At least a dozen human bodies that could have been used for scientific study or medical training have been sent for cremation while the Maryland Anatomy Board waits for state permission to hire an embalmer.
Board administrator Ronald Wade said the bodies had deteriorated too badly to be useful.
Wade was prevented from hiring a replacement embalmer because of the state freeze on hiring, imposed Aug. 31 due to what was then estimated to be a $150 million budget deficit.
"By not having the manpower to adequately treat the bodies shortly after their arrival, we have a lingering problem," Wade said. "As far as I'm concerned, it is a public health problem."
"We had about a dozen bodies we prepared for cremation only because we couldn't get to them in time to adequately prepare them to use in studies," he said.
The Anatomy Board is the state agency responsible for receiving unclaimed and donated bodies, and furnishing the state's medical and dental schools and hospital training programs with tissues and cadavers for study and training.
But, ever since the board's only remaining embalmer was stricken by a heart attack last month, the operation has been left in the hands of one man -- Wade -- who says he can't do it all alone.
The board receives an average of 65 corpses a month, and expects nearly 800 this year.
The state Department of Health and Mental Hygiene agreed two weeks ago to ask state Budget Secretary Charles Benton for an exemption from the freeze, designating it a request of the "highest priority."
The state did grant Wade permission to extend, until Oct. 16, the contract of a temporary secretary, hired in August to replace one who resigned.
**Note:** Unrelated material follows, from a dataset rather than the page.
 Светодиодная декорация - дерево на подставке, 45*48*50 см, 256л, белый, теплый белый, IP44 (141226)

The original contract had been set to expire Oct. 2, which would have left Wade alone to answer phones as well as process bodies.
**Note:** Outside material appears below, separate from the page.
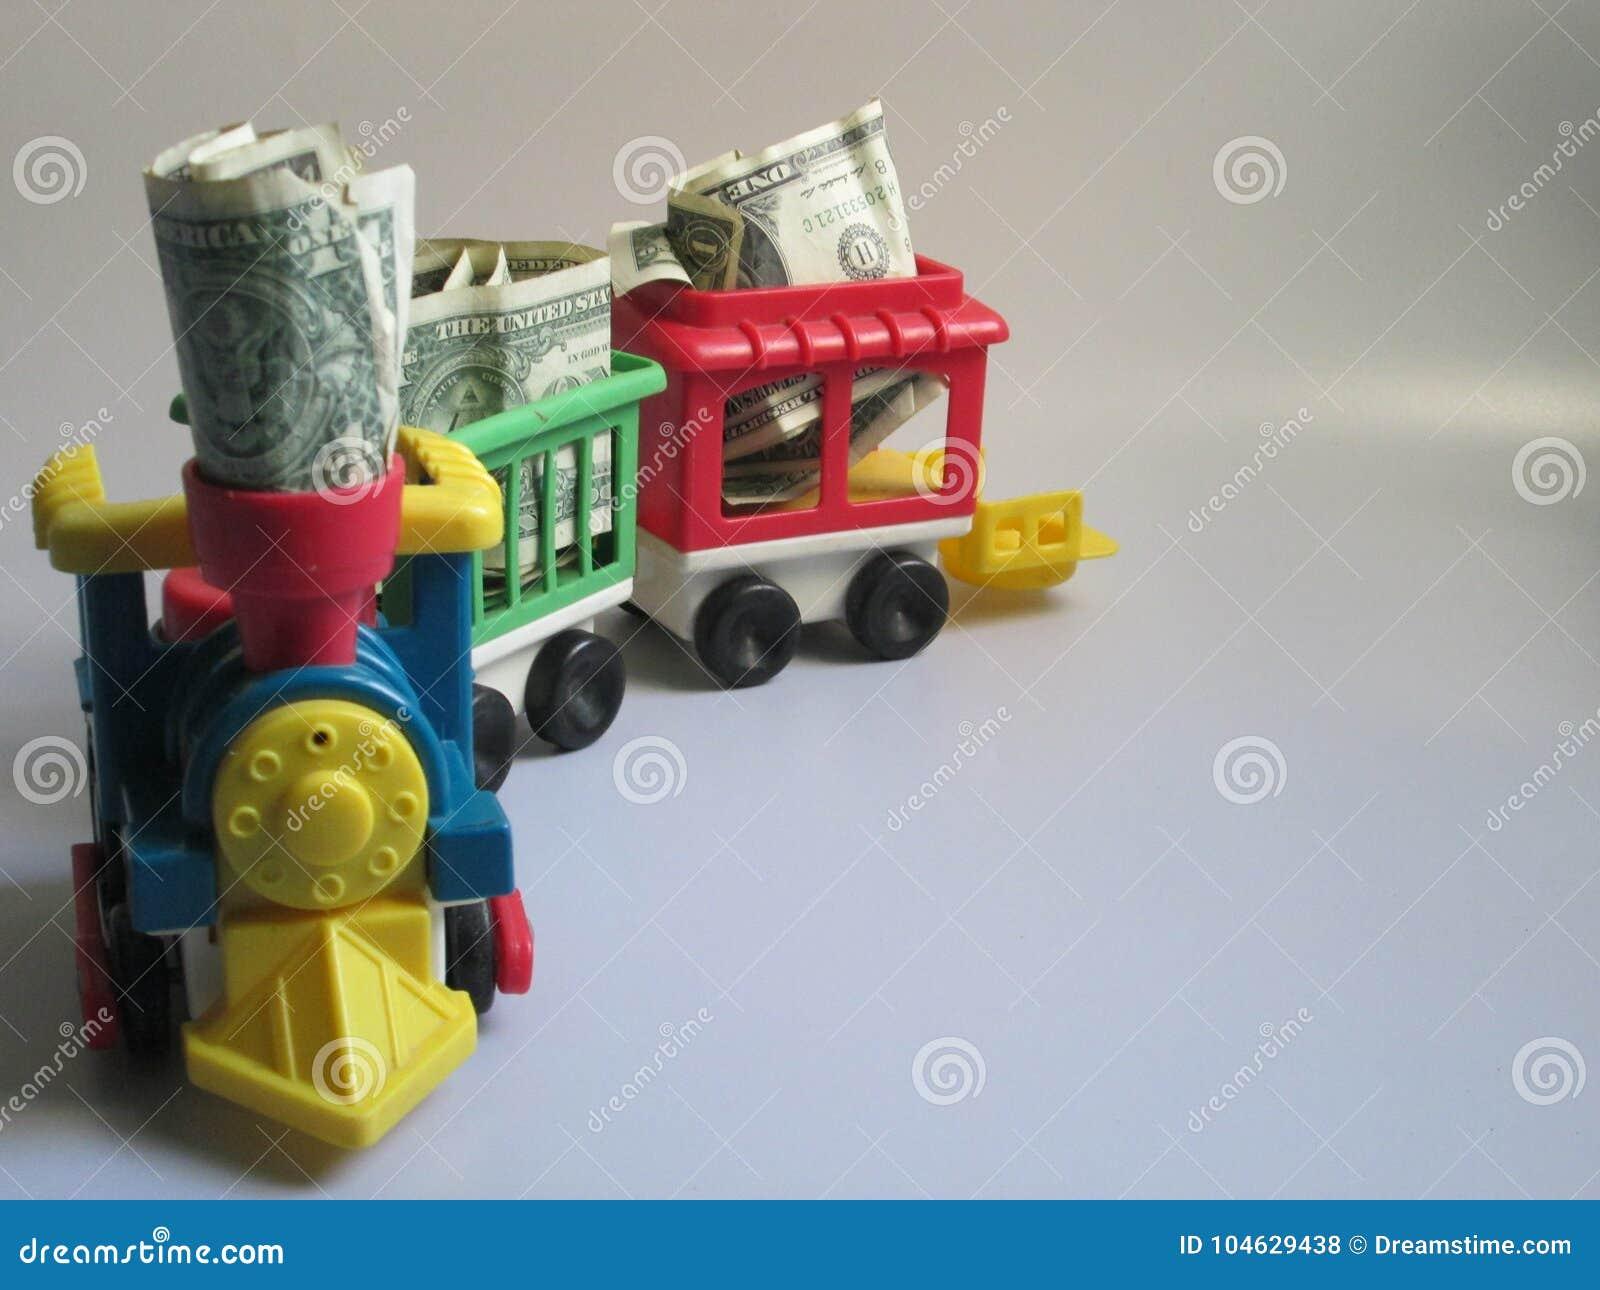 Download Een Trein Loopt Op Een Wit Hoogtepunt Als Achtergrond Van Geld Stock Foto - Afbeelding bestaande uit cash, draag: 104629438

As state officials went back to work today after the Columbus Day holiday, Wade said, no permission had yet been granted to hire an embalmer.
"I'm hoping to hear from somebody [today]," Wade said.
In the meantime, the board's work has not come to a complete halt.
With three days of donated help from a Navy curator from the Uniformed Services University of the Health Sciences in Bethesda, Wade said, "we were able to prepare six or eight bodies for study . . . but we didn't really make a dent in what we have."
The curator also helped prepare for cremation bodies that were too far gone for embalming. "Even to prepare bodies for cremation takes more than one person," Wade said.
No further embalming assistance has been arranged, Wade said. "I'm going to do the best I can, with no help at this point."
The mortician contracted to transport bodies for the board also provided three employees to help Wade with the laborious handling of 36 prepared bodies that had to be transported to Johns Hopkins University, where they are to be used for study by first-year medical students.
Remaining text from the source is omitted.